** Activity **
Give again, word for word, the lines below that run from the line with "Plakat rozwieszony między" through the line with "Online transport service Kargil to Memalur". Drop the pictures.

** Source information **
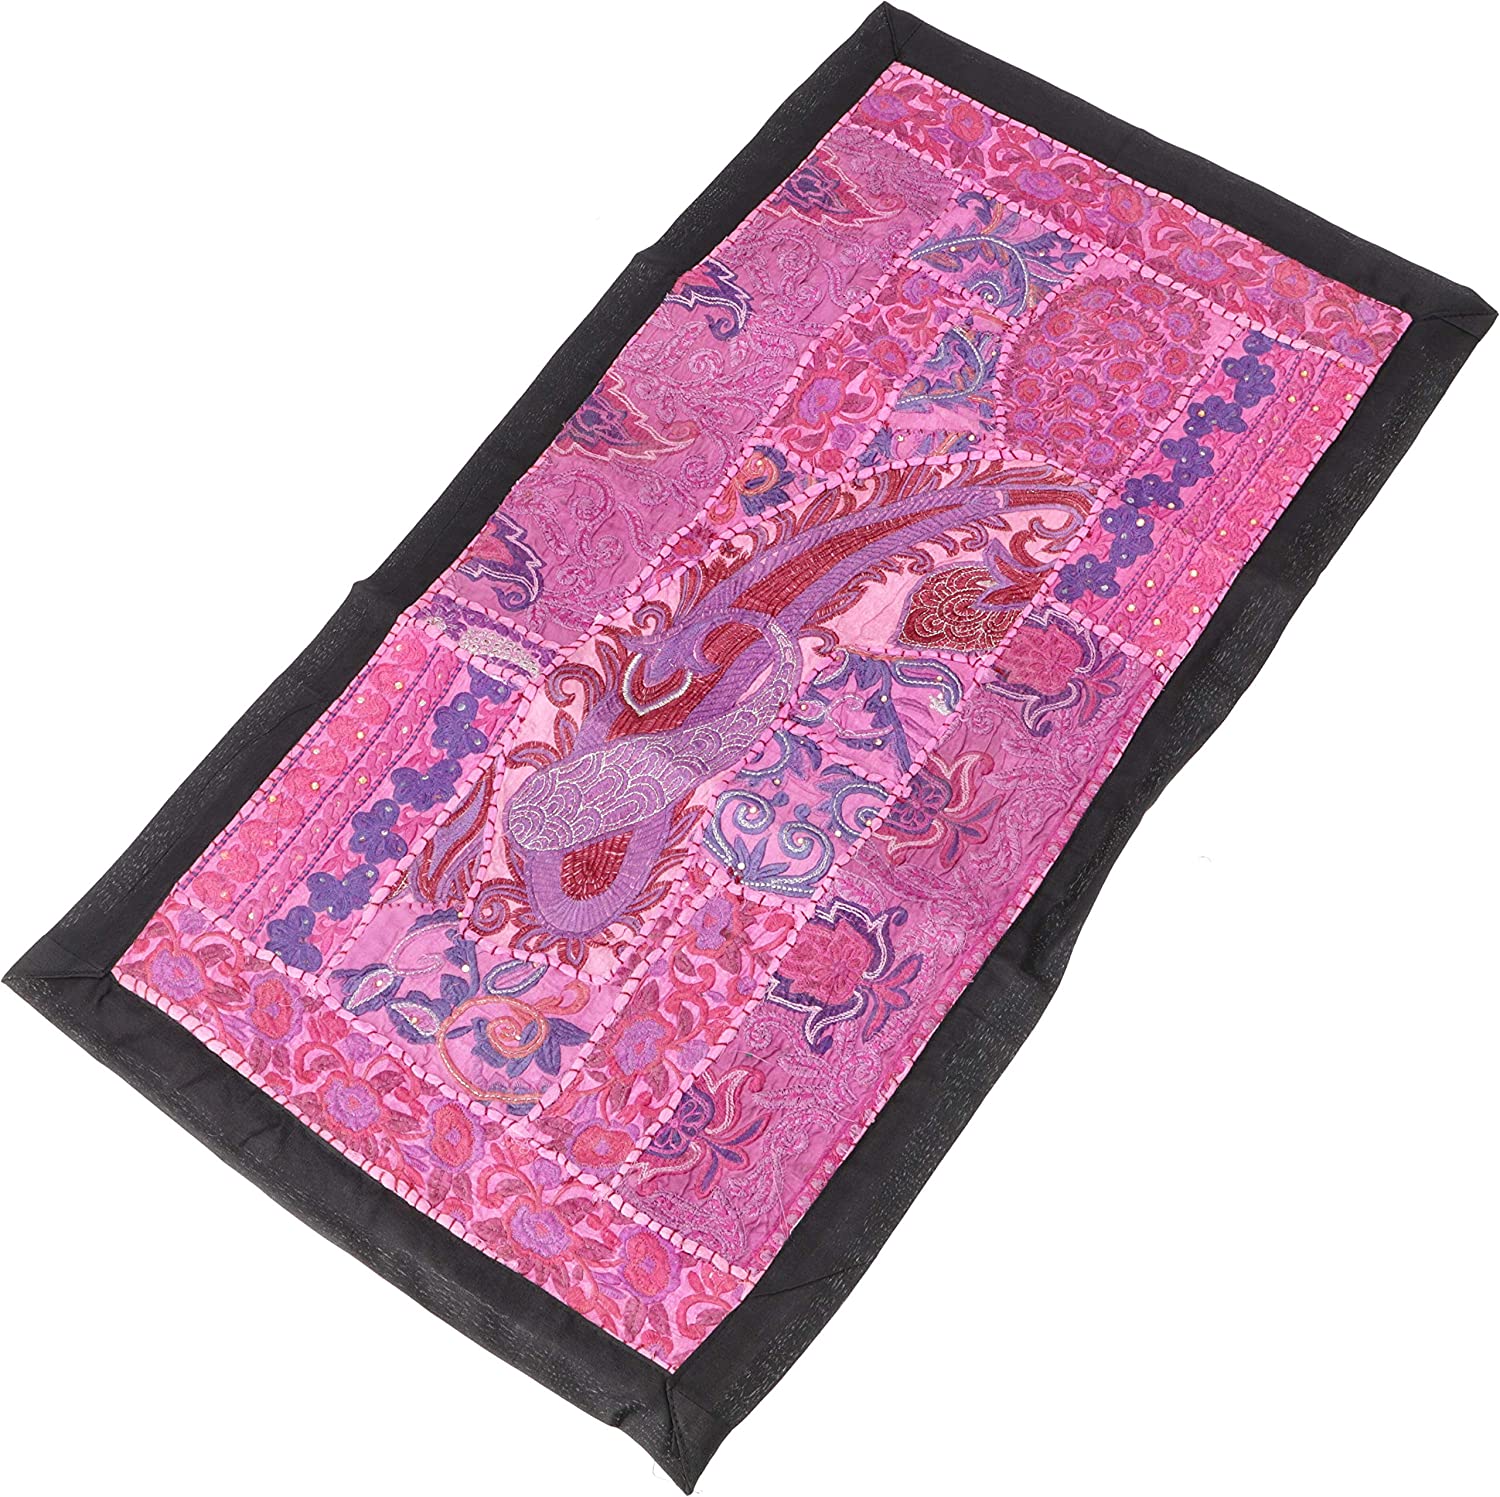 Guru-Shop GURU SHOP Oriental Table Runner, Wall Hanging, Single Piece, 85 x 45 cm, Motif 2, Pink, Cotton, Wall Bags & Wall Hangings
...
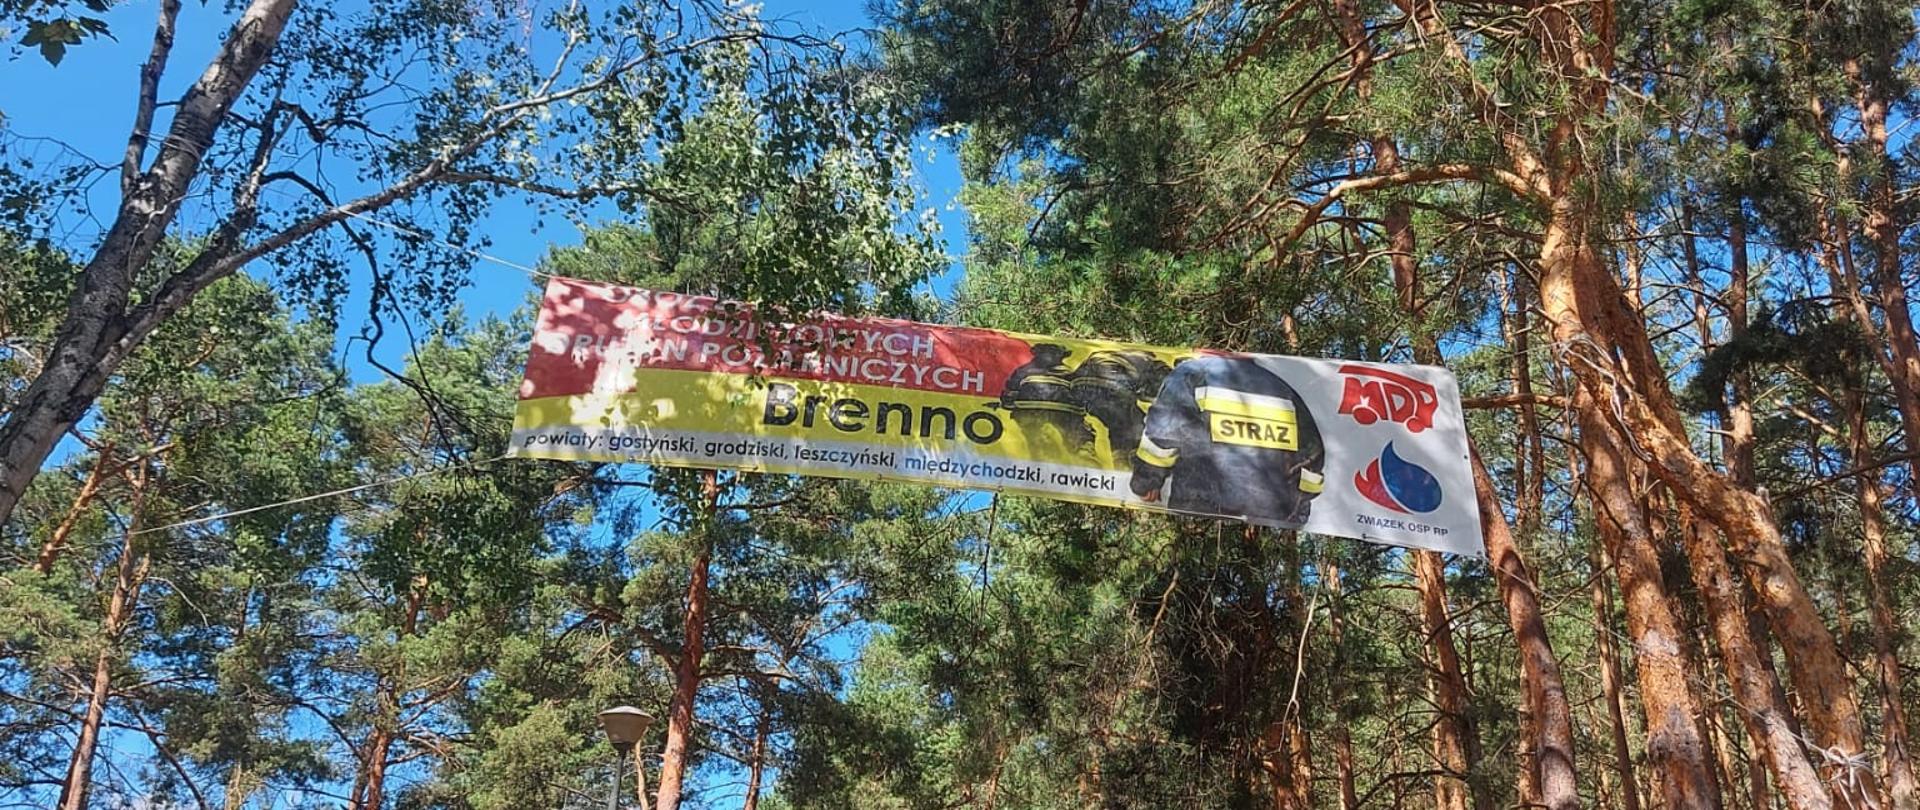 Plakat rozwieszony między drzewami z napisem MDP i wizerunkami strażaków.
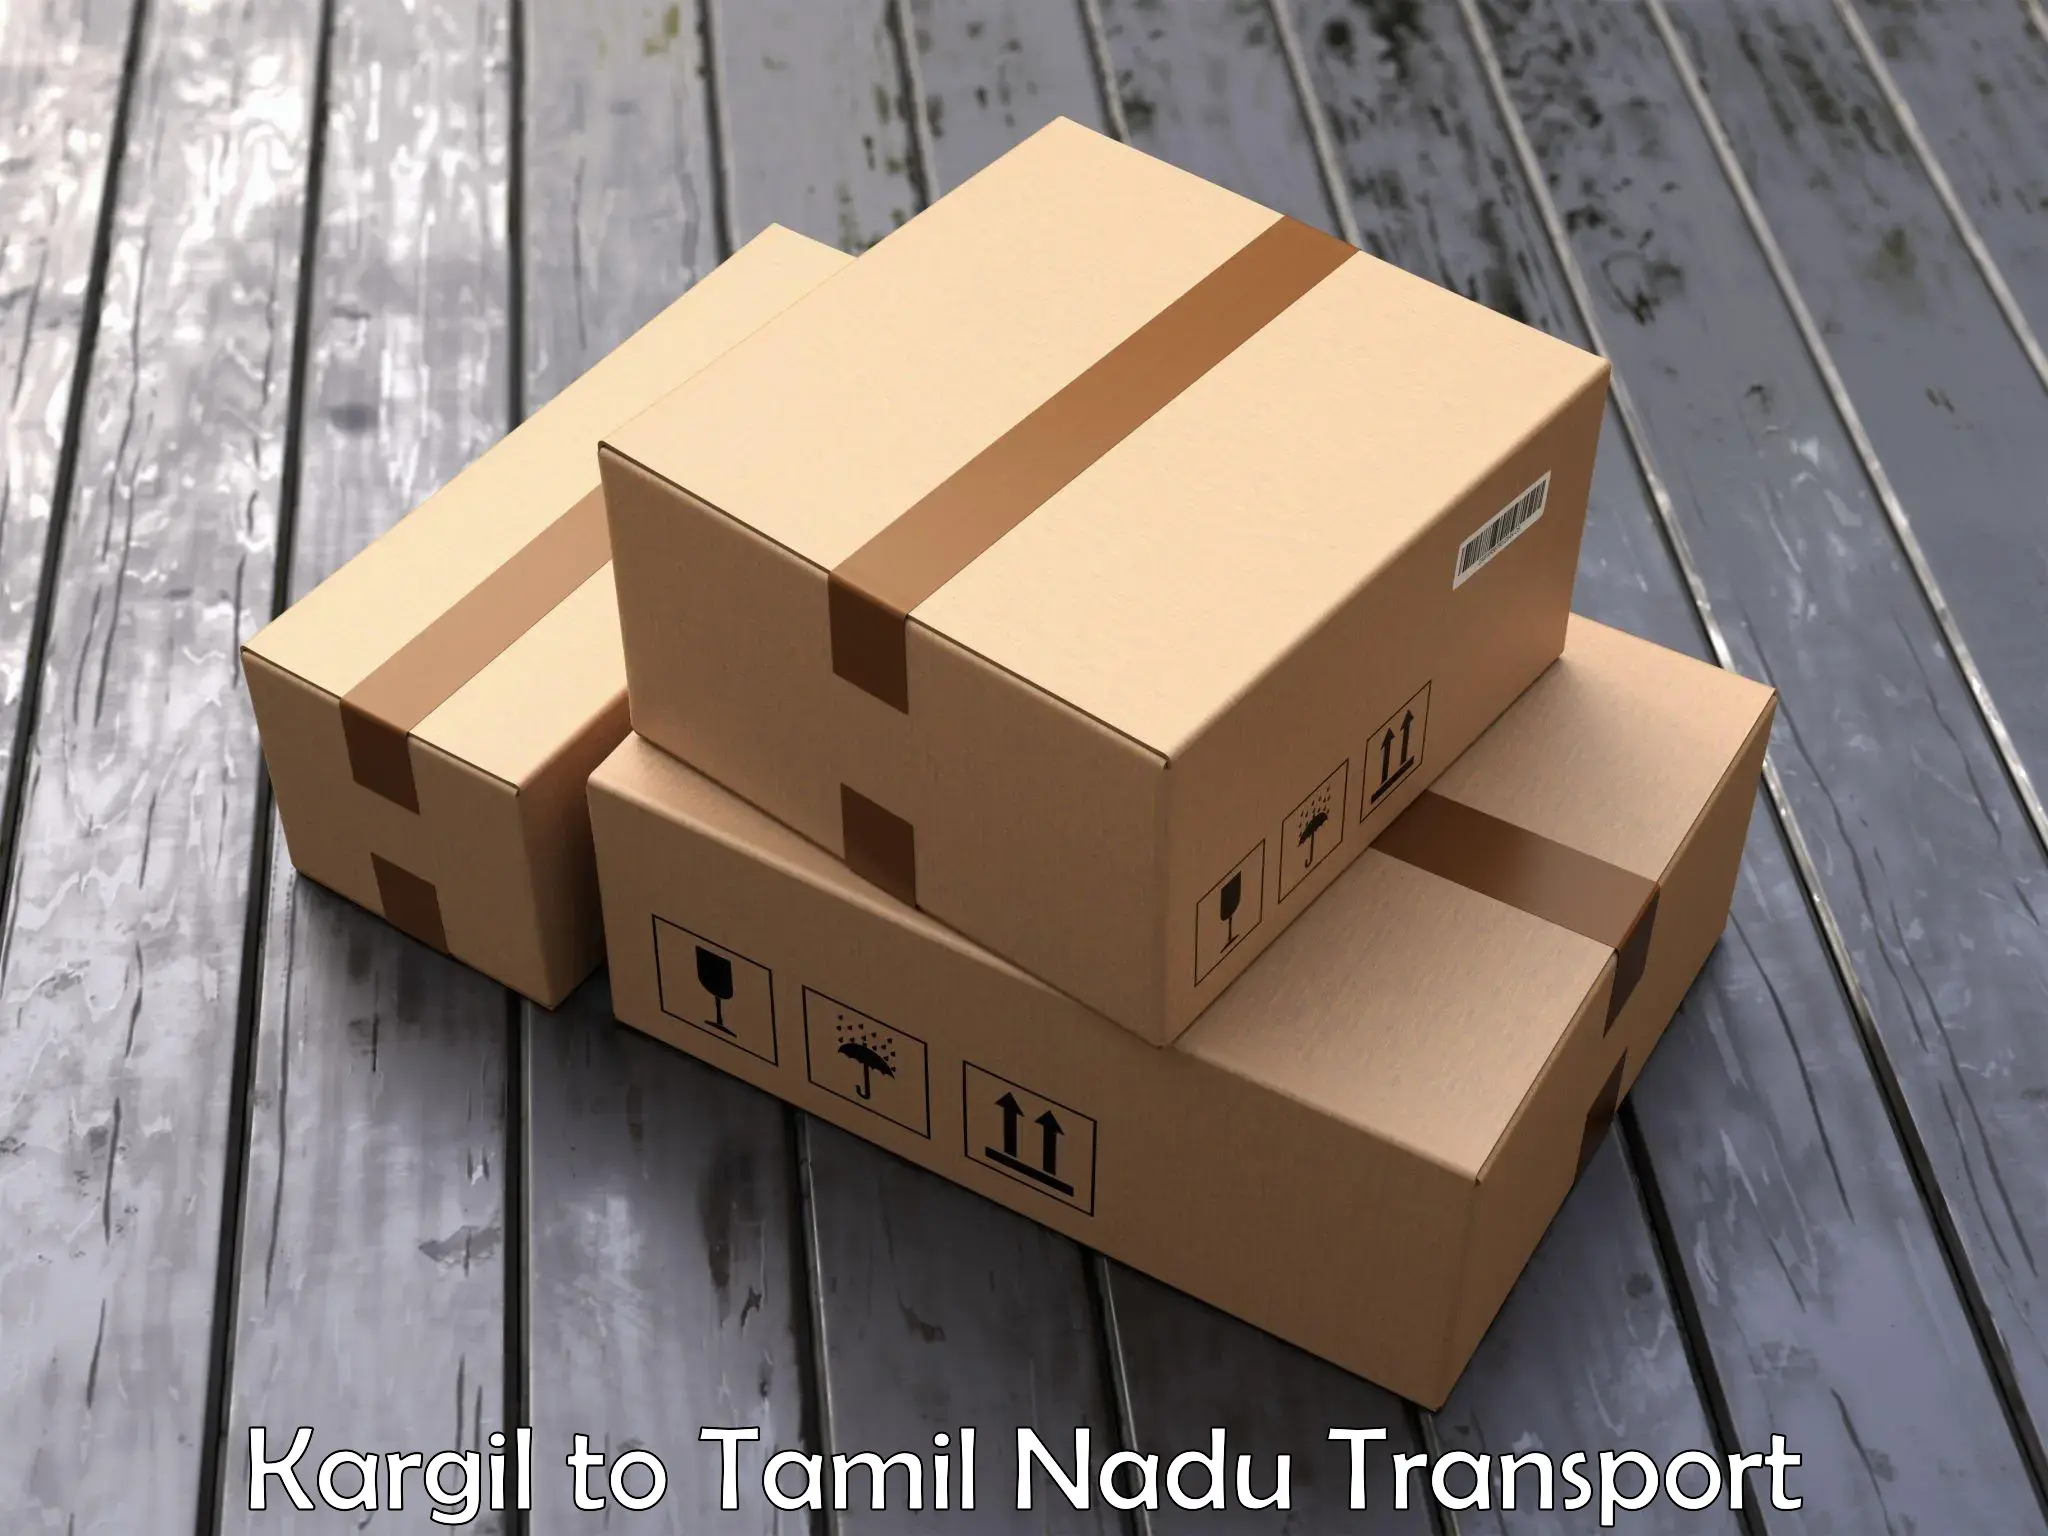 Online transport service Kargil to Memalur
* * *
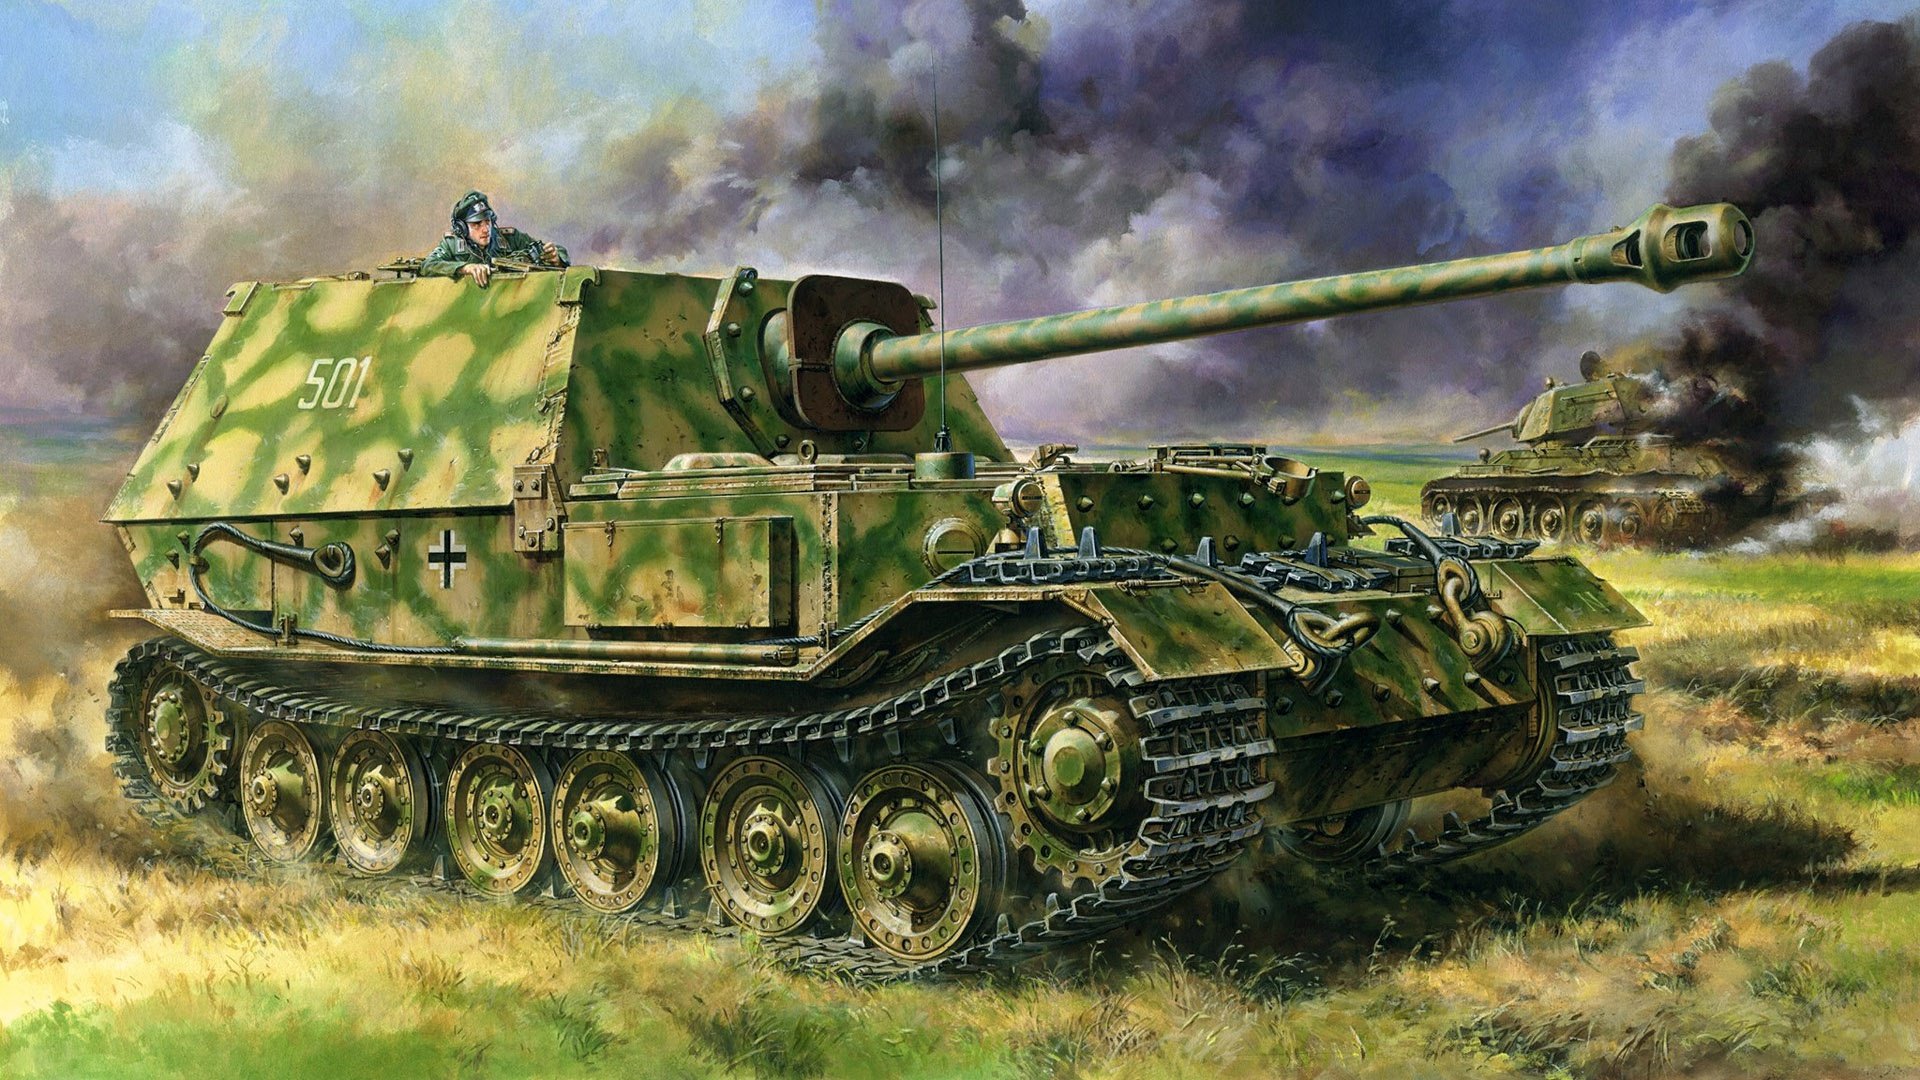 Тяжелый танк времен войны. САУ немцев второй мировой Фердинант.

** Solution **
 Plakat rozwieszony między drzewami z napisem MDP i wizerunkami strażaków.
 Online transport service Kargil to Memalur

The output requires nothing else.